Nancy nagle zesztywniała i patrzyła się na coś co było za
mną. Odwróciłem się. W naszą stronę szedł Leon. Harry, Lou i Liam pojawili się
nagle koło nas. Nancy cofnęła się i schowała za mną.
- Mówiłem Ci coś na ten temat! – krzyknął Leon i złapał mnie
za koszulę. Harry odepchnął Leona.
- Słuchaj, jeżeli jeszcze raz uderzysz Nialla to my
spierzemy Cię na kwaśne jabłko! Zrozumiałeś kretynie?! To, że jesteś jego
bratem wcale kurwa nie oznacza, że możesz robić co Ci się tylko podoba! On też
ma prawo do Nancy! Takie samo jak ty! I wiesz co?! Być może ona potrzebuje
bardziej Nialla niż Ciebie!
NANCY’s POV:
Po tych słowach spojrzałam na Leona. Byłam zbyt przerażona.
-Ona potrzebuje tylko mnie. Niall jest całkowicie zbędny. –
wycedził Leon.
Zacisnęłam dłonie na ramieniu Nialla. Chłopak spojrzał na
mnie i otoczył mnie ramieniem.
- Uspokój się. – szepnął w moje włosy i pocałował mnie w
czubek głowy. – Zabieram ją do domu.
Niall popchnął mnie w kierunku wyjścia ze szkoły.
Zaprowadził mnie do mojego samochodu, ale nie pozwolił mi prowadzić. Zabrał mi
kluczyki. Usiadłam na siedzeniu pasażera, a on zajął miejsce kierowcy.
- Co z twoim samochodem? – zapytałam.
- Zayn odstawi go do domu. – powiedział i położył rękę na
moim kolanie. Chciałam ją na początku strącić, ale w tej chwili bardzo
potrzebowałam jego bliskości. Wiedziałam, że Leonowi pod żadnym pozorem nie
mogę ufać. Jechaliśmy w ciszy. Niall zaparkował samochód na moim podjeździe.
Wysiedliśmy i poszliśmy do domu.
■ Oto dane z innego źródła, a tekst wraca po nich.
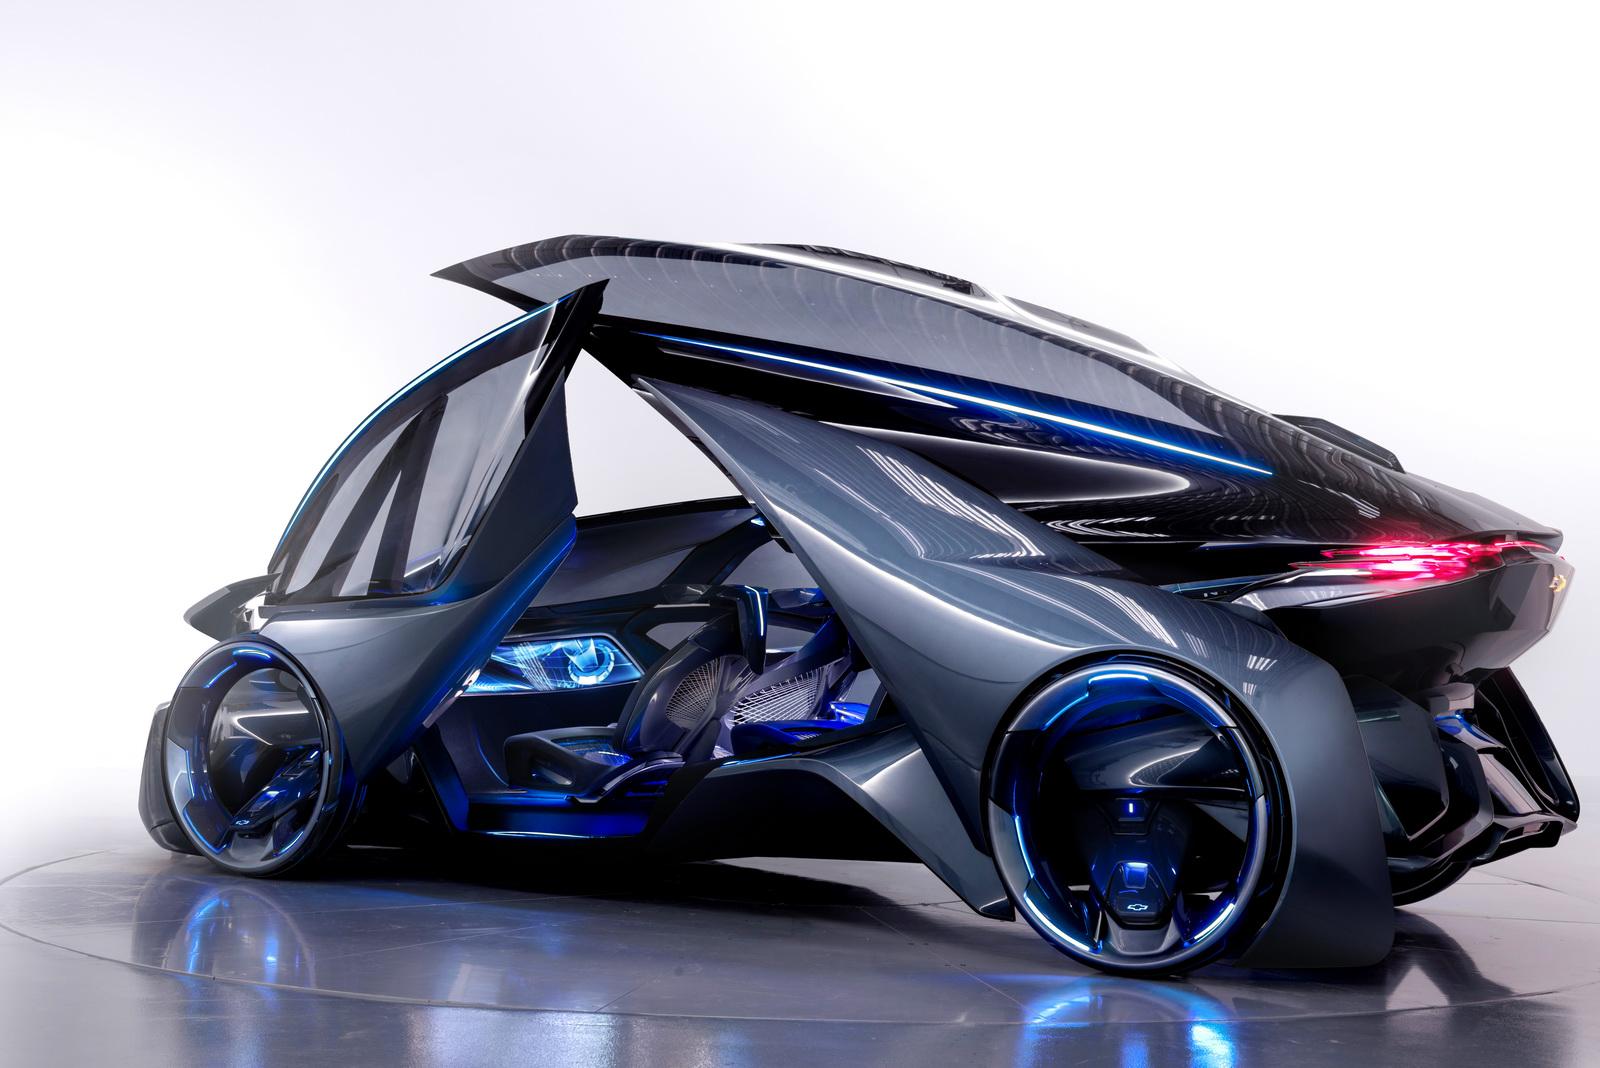 Chevy Concept Cars 2015 2015 Chevrolet FNR - �...
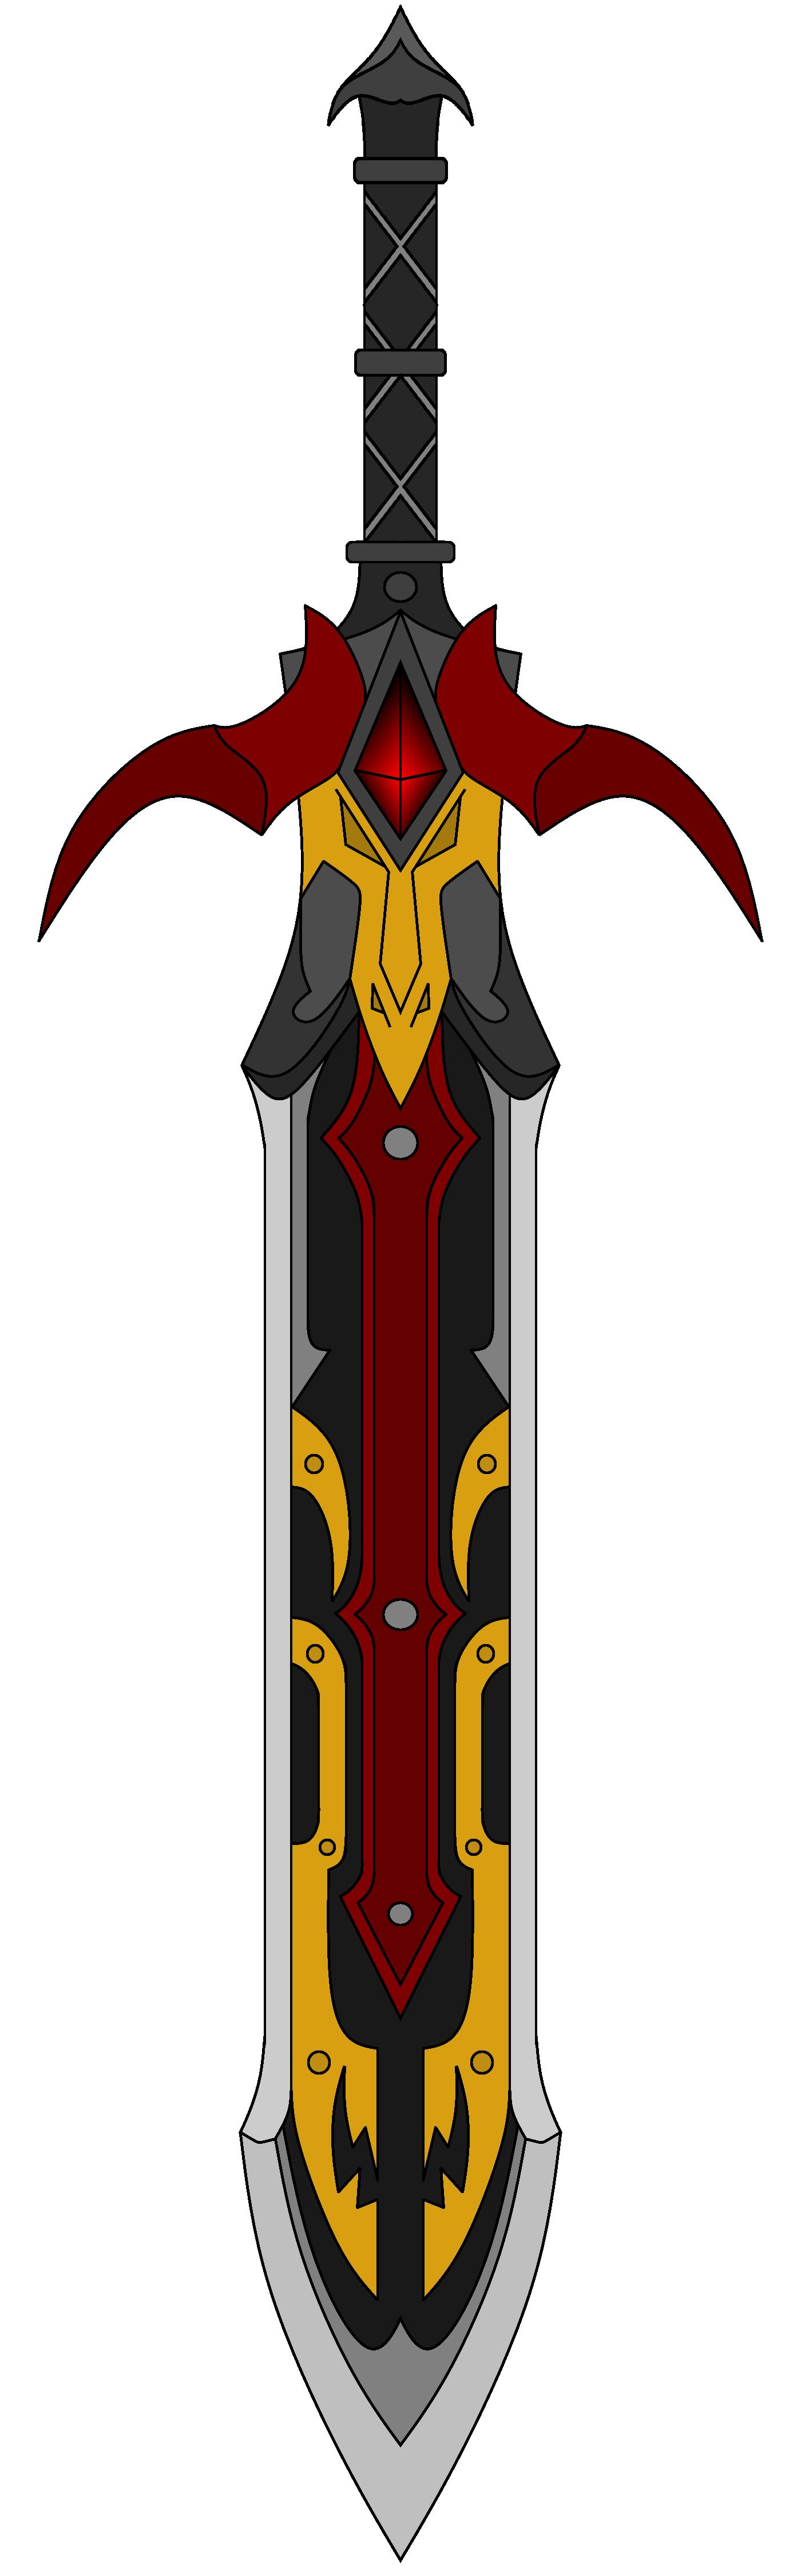 Sword of the dragon. Dagger clipart thin

Drzwi były otwarte więc ktoś był w środku.
Usłyszałam dwa ściszone głosy dobiegające z salonu.
- Powinnaś jej to powiedzieć, Kat. – mama Nialla brzmiała
naprawdę poważnie i strasznie. Wymieniłam z Niallem porozumiewawcze spojrzenie.
Stanęliśmy za ścianą i słuchaliśmy rozmowy.
- To wstrząśnie całym jej światem, przewróci życie do góry
nogami. – zaszlochała moja mama.
- Kat, ale musisz to zrobić. Chcesz czekać, aż umrzesz i ona
się dowie, że już nigdy matki nie zobaczy?
Moje serce pękło. Cofnęłam się odruchowo i wpadłam prosto na
Nialla. Chłopak mnie odwrócił i przyciągnął do torsu. Zaczęłam płakać.
Słyszałam kroki.
- Niall? Nancy? Co wy tu robicie? – zapytała moja mama.
- Nancy zemdlała w szkole. Odwiozłem ją do domu. – powiedział
Niall.
- Córeczko wszystko w porządku?
Mama mnie dotknęła, a ja wyrwałam się jak poparzona i
pobiegłam do pokoju.
NIALL’s POV:
Nie wiedziałem co mam zrobić. Moja mama patrzyła się na mnie
karcącym wzrokiem. Gdy Katherine chciała iść na górę do Nancy zatrzymałem ją.
- Zostawcie ją. – powiedziałem. – Ja do niej pójdę.
Mama Nancy patrzyła na mnie smutnym wzrokiem. Odwróciłem się
i poszedłem do Nancy. Drzwi jej pokoju były zamknięte na klucz.
- Nancy, to ja. Proszę otwórz.
Dziewczyna przekręciła zamek w drzwiach i otworzyła je.
Stała cała zapłakana w rozmazanym makijażu. Szybko wszedłem do pokoju i ją
przytuliłem.
- Nie płacz, kochanie. Proszę.
- Moja mama umiera…
- Cii, uspokój się.
Nancy wyrwała mi się i stanęła dwa metry dalej. Patrzyła na
mnie zdenerwowana.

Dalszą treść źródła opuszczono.